- Other names: Medically induced coma
- Specialty: Neurology, critical care medicine
- [edit on Wikidata]

= Induced coma =

Medical procedure

An induced coma – also known as a medically induced coma (MIC), barbiturate-induced coma, or drug-induced coma – is a temporary coma (a deep state of unconsciousness) brought on by a controlled dose of an anesthetic drug, often a barbiturate such as pentobarbital or thiopental. Other intravenous anesthetic drugs such as midazolam or propofol may be used.

Drug-induced comas are used to protect the brain during major neurosurgery, as a last line of treatment in certain cases of status epilepticus that have not responded to other treatments, and in refractory intracranial hypertension following traumatic brain injury.
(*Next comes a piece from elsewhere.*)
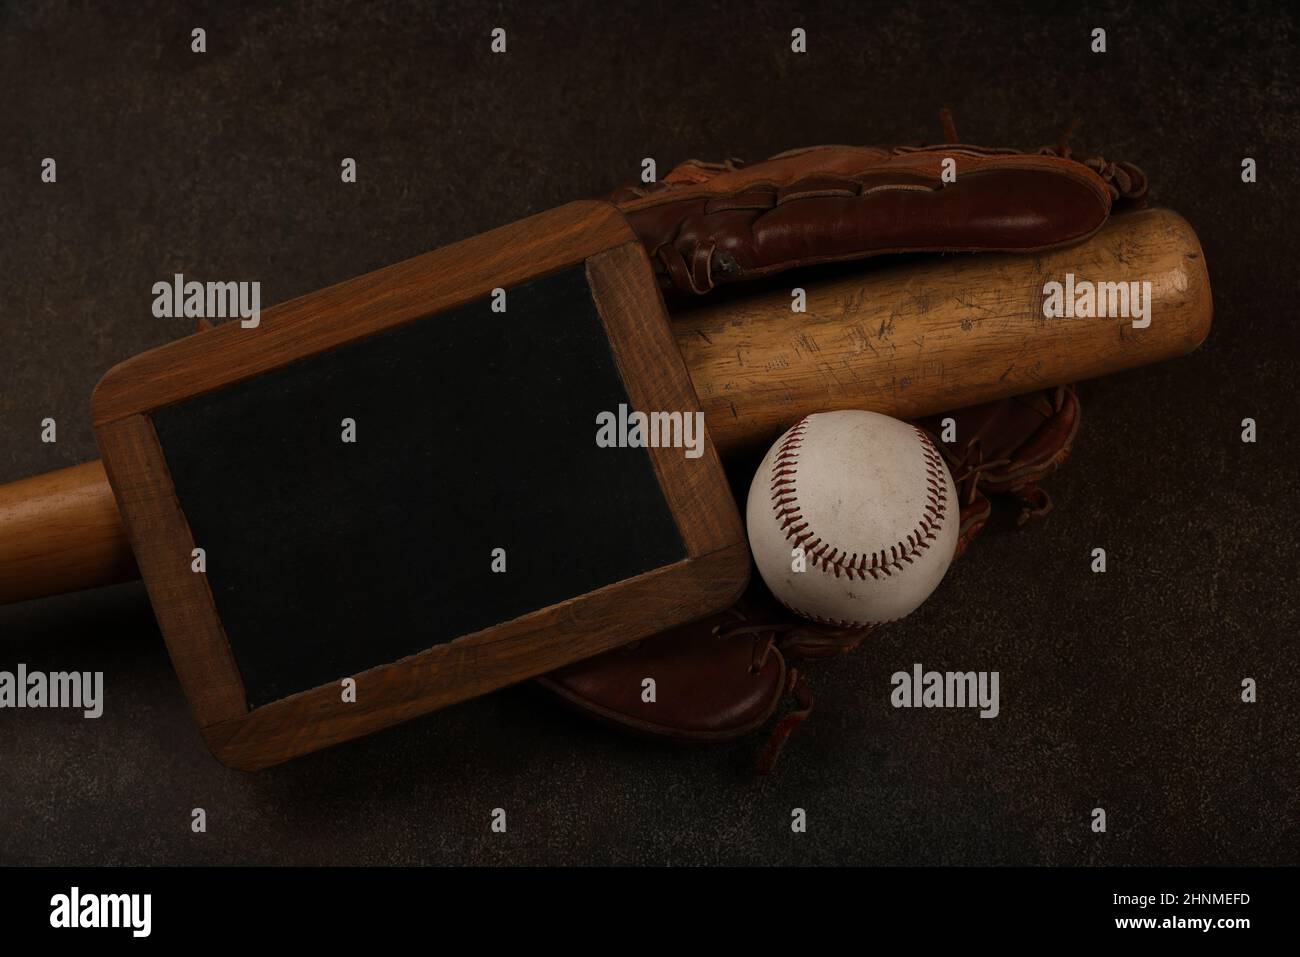 Gros plan sur une vieille balle de baseball, une bate en bois, un gant de cuir vintage porté et un panneau noir sur fond brun foncé grunge, vue du dessus en hauteur, direct Banque D'Images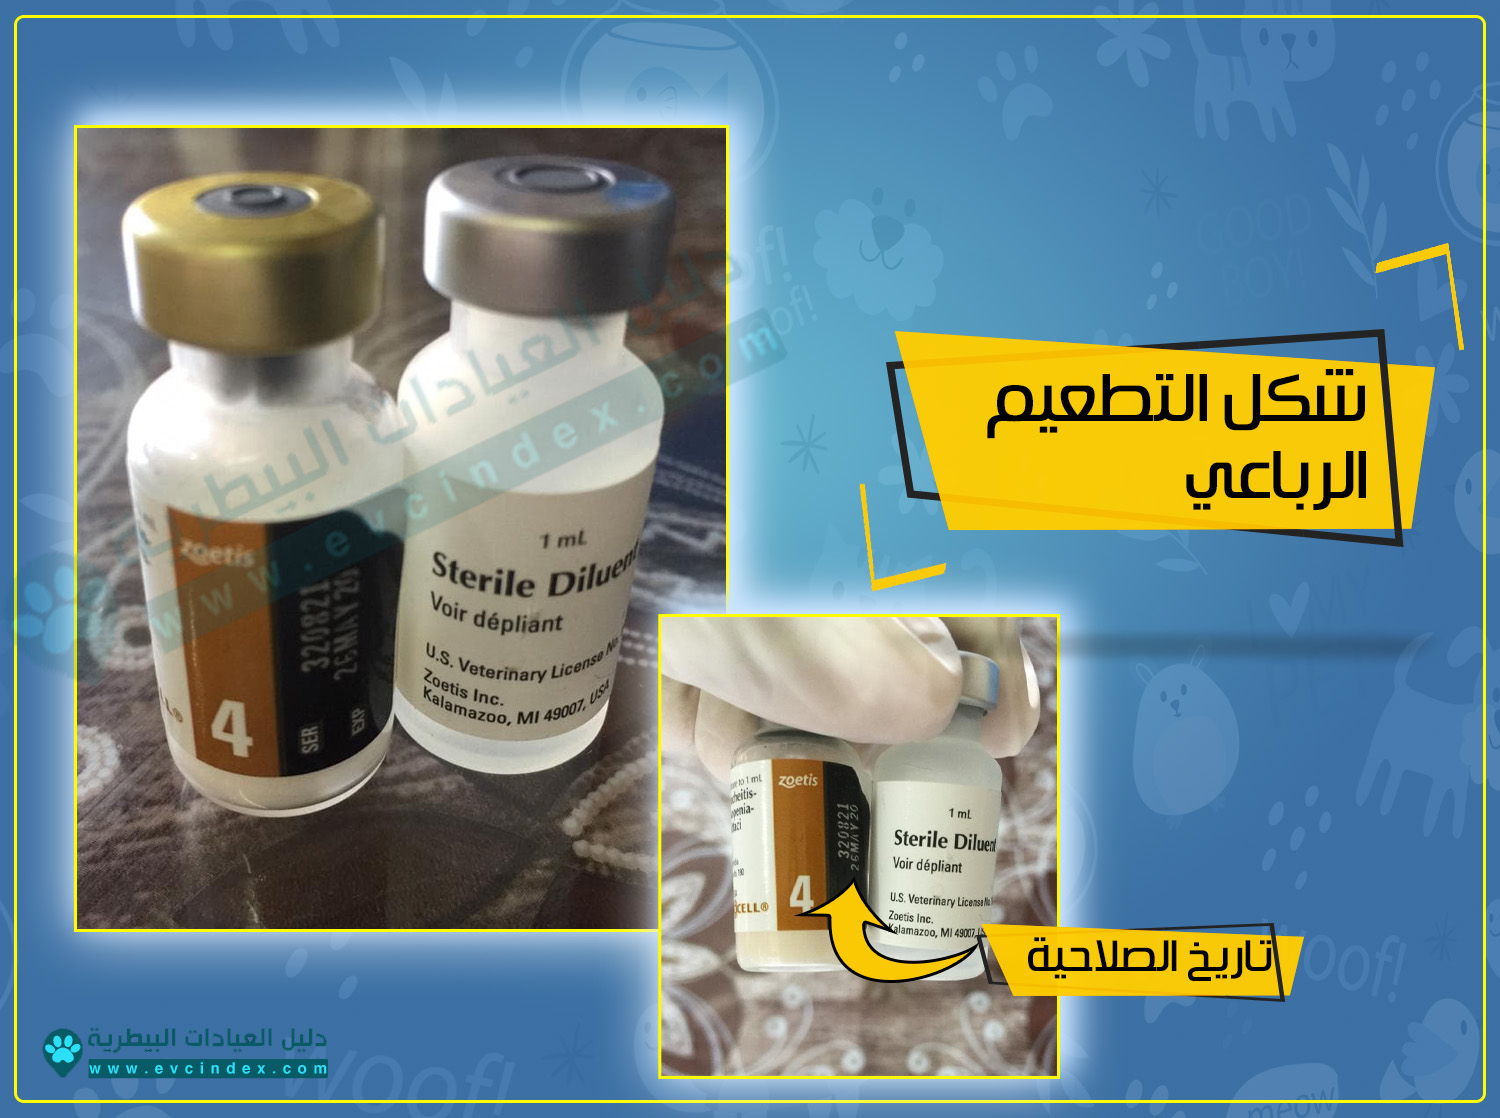 اسعار تطعيمات القطط الثلاثي و الرباعي 2020 في مصر دليل العيادات البيطرية دكتور بيطري بين يديك

Induced coma usually results in significant systemic adverse effects. The patient is likely to completely lose respiratory drive and require mechanical ventilation; gut motility is reduced; hypotension can complicate efforts to maintain cerebral perfusion pressure and often requires the use of vasopressor drugs. Hypokalemia often results. The completely immobile patient is at increased risk of bed sores as well as infection from catheters.

The presence of an endotracheal tube and mechanical ventilation alone are not indications of continuous sedation and coma. Only certain conditions such as intracranial hypertension, refractory status epilepticus, the inability to oxygenate with movement, justify the high risks of medically induced comas.

Brain disruption from sedation can lead to an eight times increased risk of the development of ICU delirium. This is associated with a doubled risk of mortality during hospital admission. For every one day of delirium, there is a 10% increased risk of death. Medically induced comas that achieve a RASS level of −4 or −5 are an independent predictor of death.

Although patients are not sleeping while sedated, they can experience hallucinations and delusions that are often graphic and traumatizing in nature. This can lead to post-ICU PTSD after hospital discharge. Patients that develop ICU delirium are at 120 times greater risk of long-term cognitive impairments.

Considering the high risks of medically induced comas, protocols such as the ABCDEF Bundle and PADIS guidelines have been developed to guide ICU teams to avoid unnecessary sedation and comas. ICU teams that master these protocols to keep patients as awake and mobile as possible are called "Awake and Walking ICUs". These are teams that only implement medically induced comas when the possible benefits of sedation outweigh the high risks during specific cases.

Survivors of prolonged medically induced comas are at high risk of suffering from post-ICU syndrome and may require extended physical, cognitive, and psychological rehabilitation.

== Theory ==
Barbiturates reduce the metabolic rate of brain tissue, as well as the cerebral blood flow. With these reductions, the blood vessels in the brain narrow, resulting in a shrunken brain, and hence lower intracranial pressure. The hope is that, with the swelling relieved, the pressure decreases and some or all brain damage may be averted. Several studies have supported this theory by showing reduced mortality when treating refractory intracranial hypertension with a barbiturate coma.

About 60% of the glucose and oxygen used by the brain is meant for its electrical activity and the rest for all other activities such as metabolism. When barbiturates are given to brain injured patients for induced coma, they act by reducing the electrical activity of the brain, which reduces the metabolic and oxygen demand. Their action limits oxidative damage to lipid membranes and may scavenge free radicals. They also lead to reduced vasogenic edema, fatty acid release and intracellular calcium release.

The infusion dose rate of barbiturates is increased under monitoring by electroencephalography until burst suppression or cortical electrical silence (isoelectric "flatline") is attained. Once there is improvement in the patient's general condition, the barbiturates are withdrawn gradually and the patient regains consciousness.

Controversy exists over the benefits of using barbiturates to control intracranial hypertension. Some studies have found that barbiturate-induced coma can reduce intracranial hypertension but does not necessarily prevent brain damage. Furthermore, the reduction in intracranial hypertension may not be sustained. Some randomized trials have failed to demonstrate any survival or morbidity benefit of induced coma in diverse conditions such as neurosurgical operations, head trauma, intracranial aneurysm rupture, intracranial hemorrhage, ischemic stroke, and status epilepticus. If the patient survives, cognitive impairment may also follow recovery from the coma. Due to these risks, barbiturate-induced coma should be reserved for cases of refractory intracranial pressure elevation.